What to do
Pictures are to be dropped, and only the lines from the one containing "Potty Mouths &" through the end of the data below are to be reproduced as written.

___ Information supplied ___

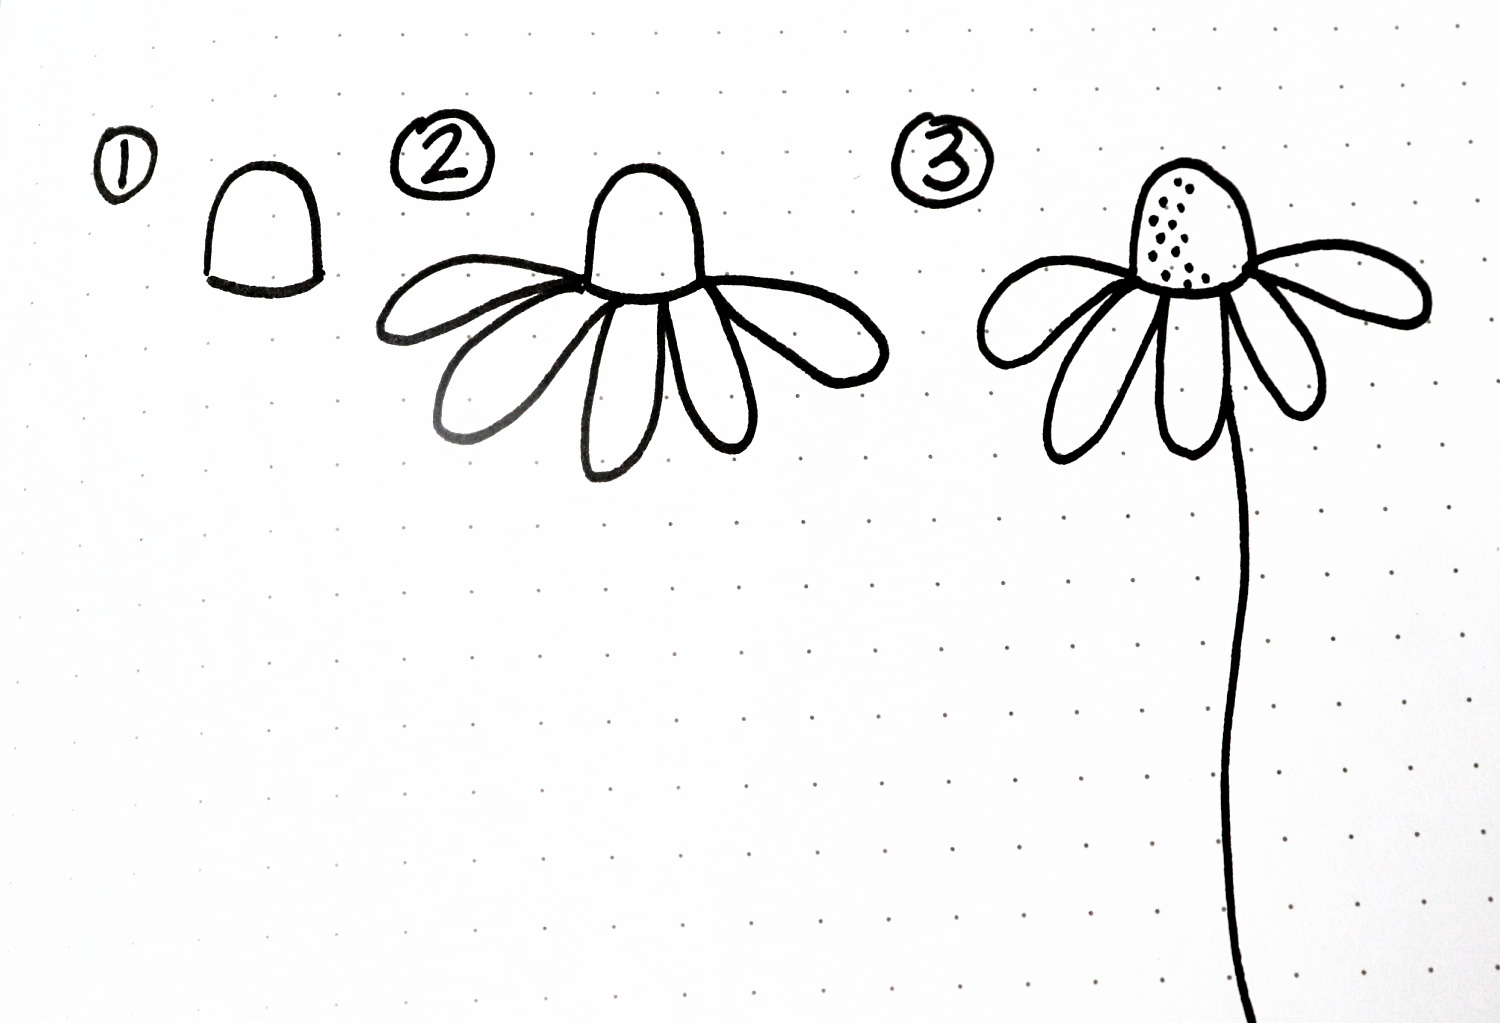 Image is a step-by-step diagram for how to draw a daisy in three steps, as explained in the written instructions.
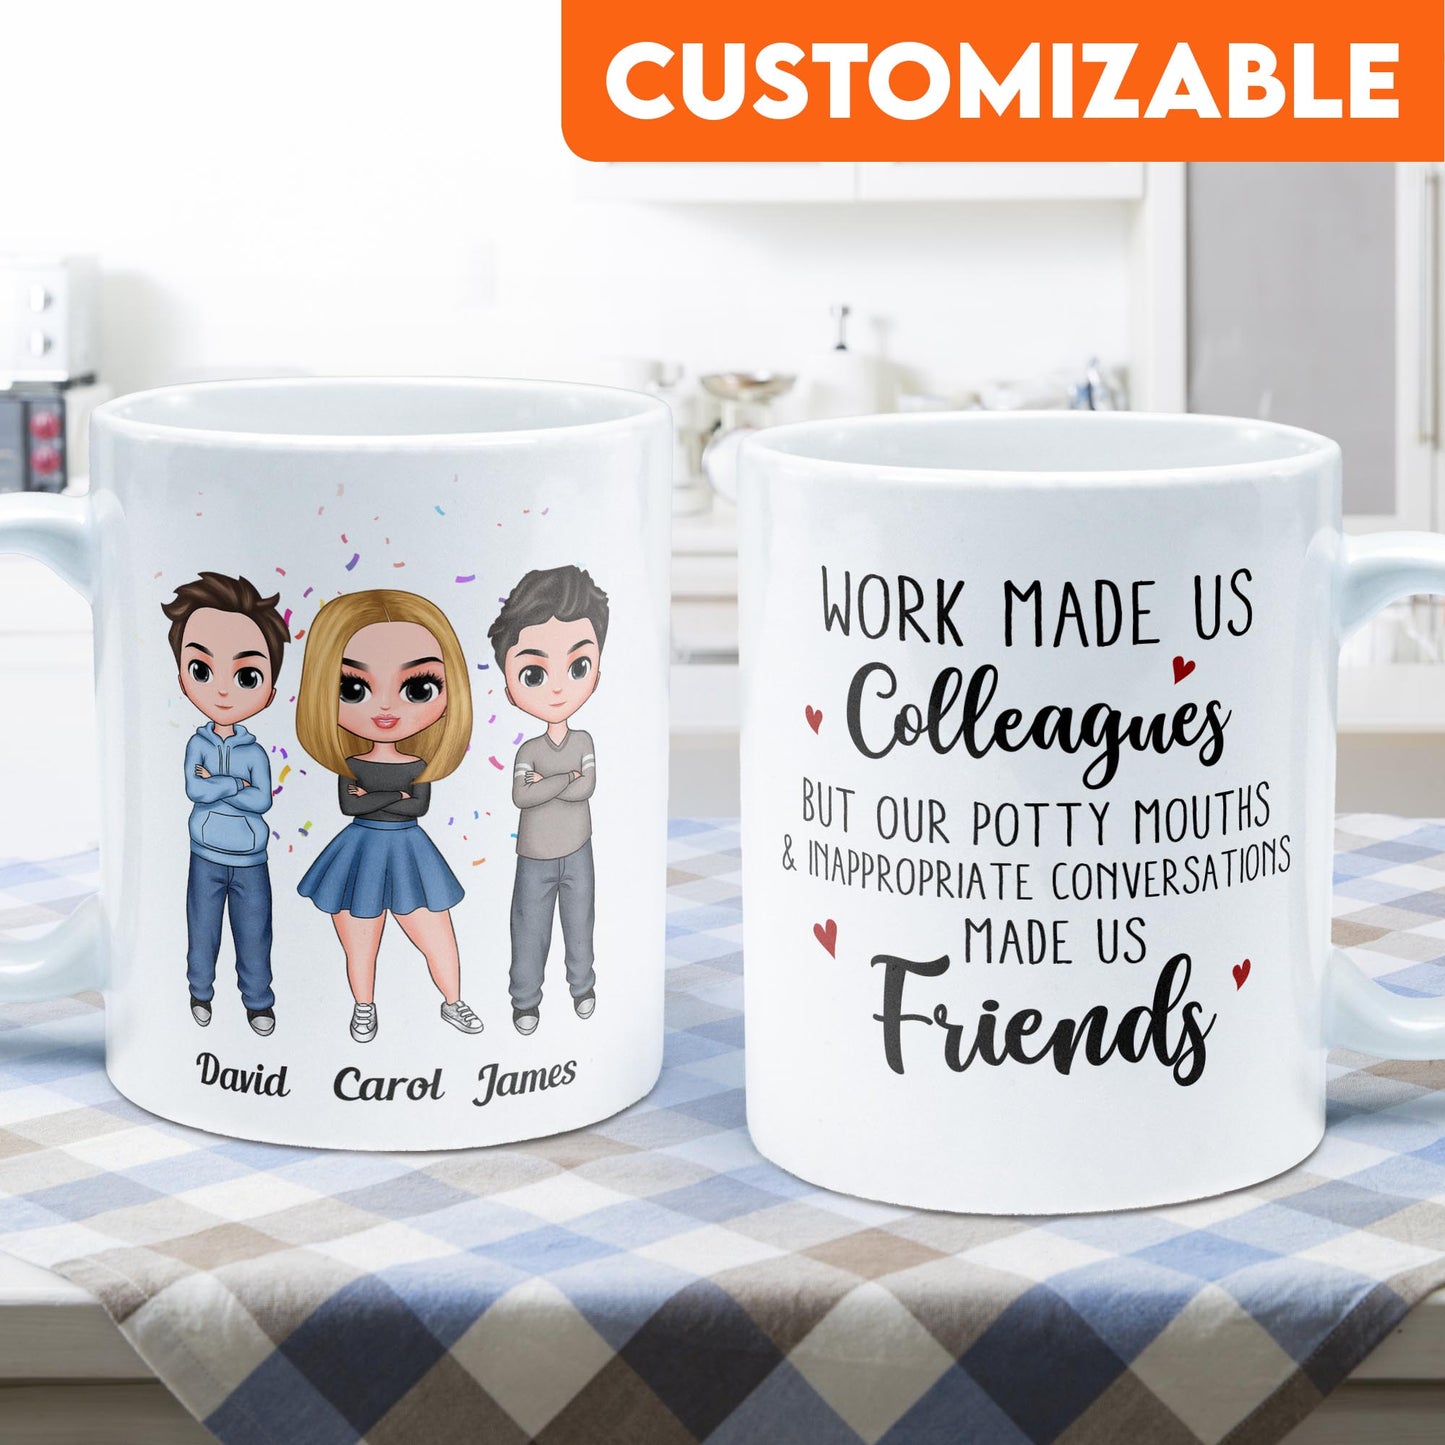 Potty Mouths & Inappropriate Conversations Made Us Friends - Personalized Mug - Birthday, Christmas Gift For Colleagues
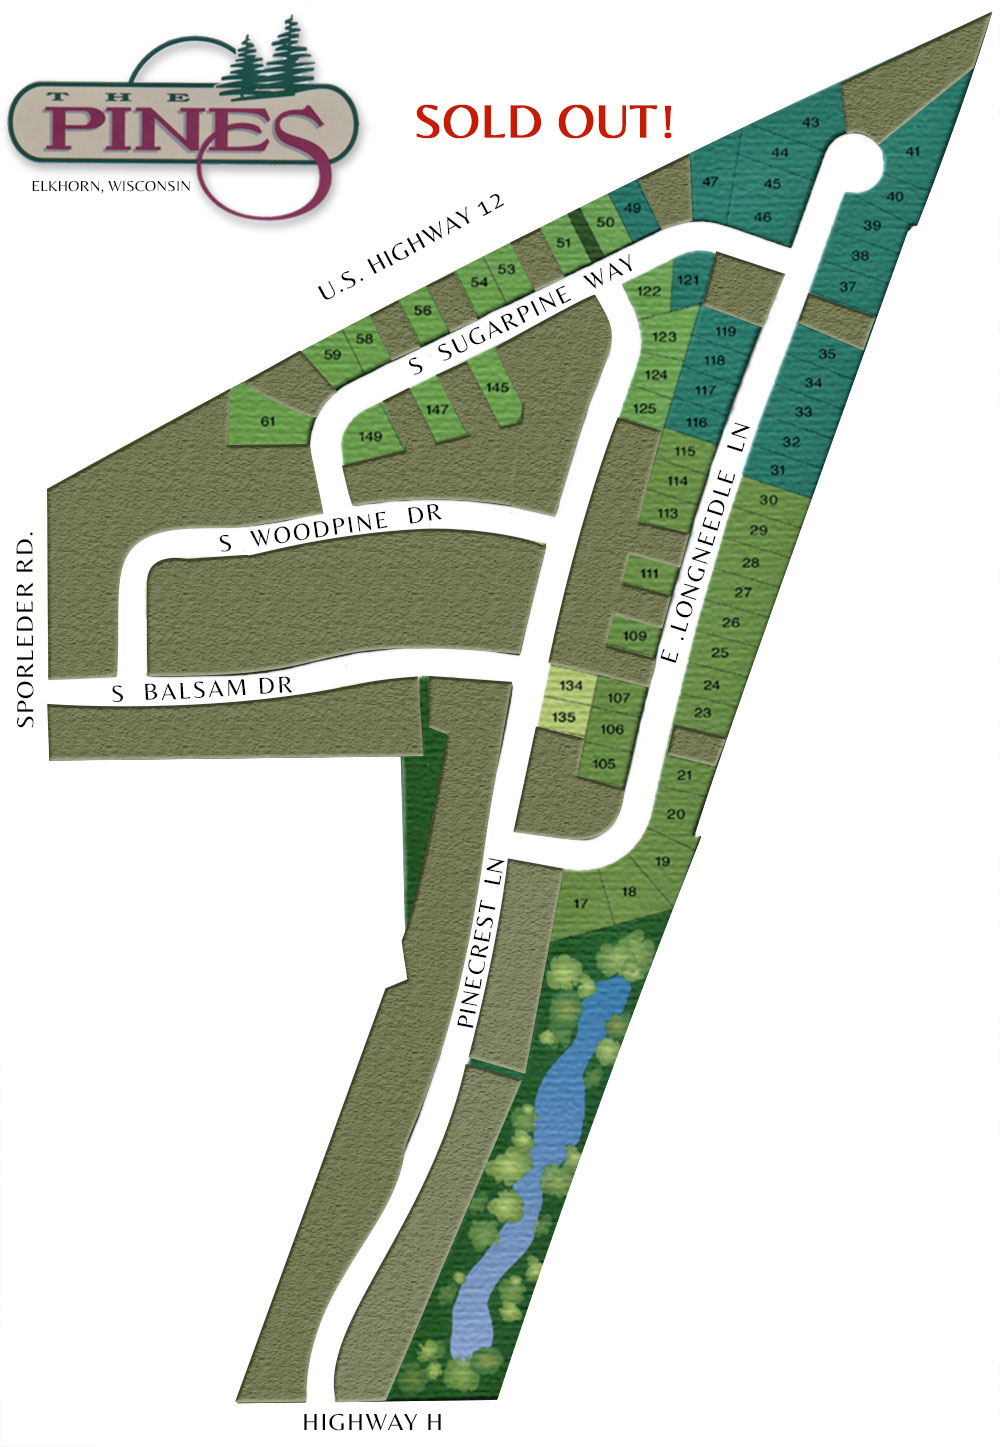 The Pines of Elkhorn Site Map

___

Written reply
 Potty Mouths & Inappropriate Conversations Made Us Friends - Personalized Mug - Birthday, Christmas Gift For Colleagues
 The Pines of Elkhorn Site Map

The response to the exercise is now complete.